No wonder the board found it hard to believe! No wonder it took so long to realize Altman had flipped on them, and it seemed Sutskever needed Slack screenshots showing Altman blatantly lying to them about Toner before he finally, reluctantly, flipped. The Altman you need to distrust & assume bad faith of & need to be paranoid about stealing your power is also usually an Altman who never gave you any power in the first place! I'm still kinda baffled by it, personally.

He concealed this change of heart from everyone, including the board, gradually began trying to unwind it, overplayed his hand at one point - and here we are.

So, what could the EA faction of the board have done? ...Not much, really. They only ever had the power that Altman gave them in the first place.
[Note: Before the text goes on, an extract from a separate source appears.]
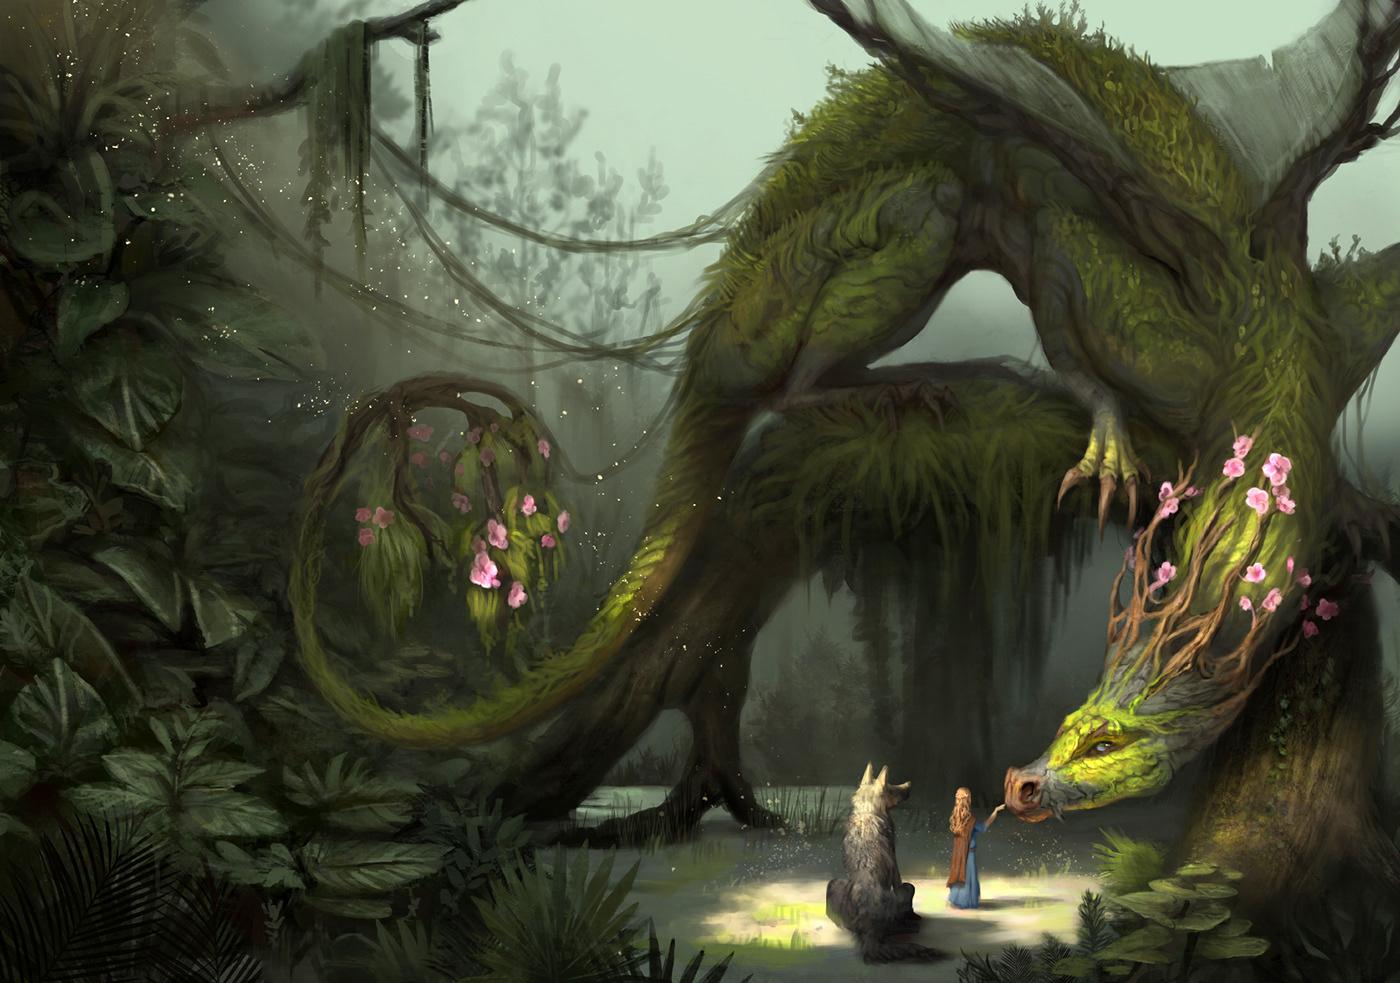 Image may contain: tree, screenshot and cartoon

* I don't really agree with this framing of Sutskever/Toner/McCauley/D'Angelo as "EA", but for the sake of argument, I'll go with this labeling.
† Please try to cast your mind back to when Altman et al would be planning all this in 2018-2019, with OA rapidly running out of cash after the mercurial Musk's unexpected-but-inevitable betrayal, its DRL projects like OA5 remarkable research successes but commercially worthless, and just some interesting results like GPT-1 and then GPT-2-small coming out of their unsupervised learning backwater from Alec Radford tinkering around with RNNs and then these new 'Transformer' things. The idea that OA might somehow be worth over ninety billion dollars, yes, that's 'billion' with a 'b' in scarcely 3 years would have been insane, absolutely insane, not a single person in the AI world would have taken you seriously if you had suggested that and if you emailed any of them asking about how plausible that was, they would have added an email filter to send your future emails to the trash bin. It is very easy to be sincerely full of the best intentions and discuss how to structure your double corporation to deal with windfalls like growing to a $1000b market cap when no one really expects that to happen, certainly not in the immediate future... Thus, no one is also sitting around going, 'well wait, we required the board to not own equity, but if the company is worth even fraction of our long-term targets, and it's recruiting with stock options like usual, then each employee is going to have, like, $10m or even $100m of pseudo-equity in the OA for-profit. That seems... problematic. Do we need to do something about it?'

By the time Musk (and Altman et al) was starting OA, it was in response to Page buying Hassabis. So there is no real contradiction here between being spurred by Page's attitude and treating Hassabis as the specific enemy. It's not like Page was personally overseeing DeepMind (or Google Brain) research projects, and Page quasi-retired about a year after the DM purchase anyway (and about half a year before OA officially became a thing).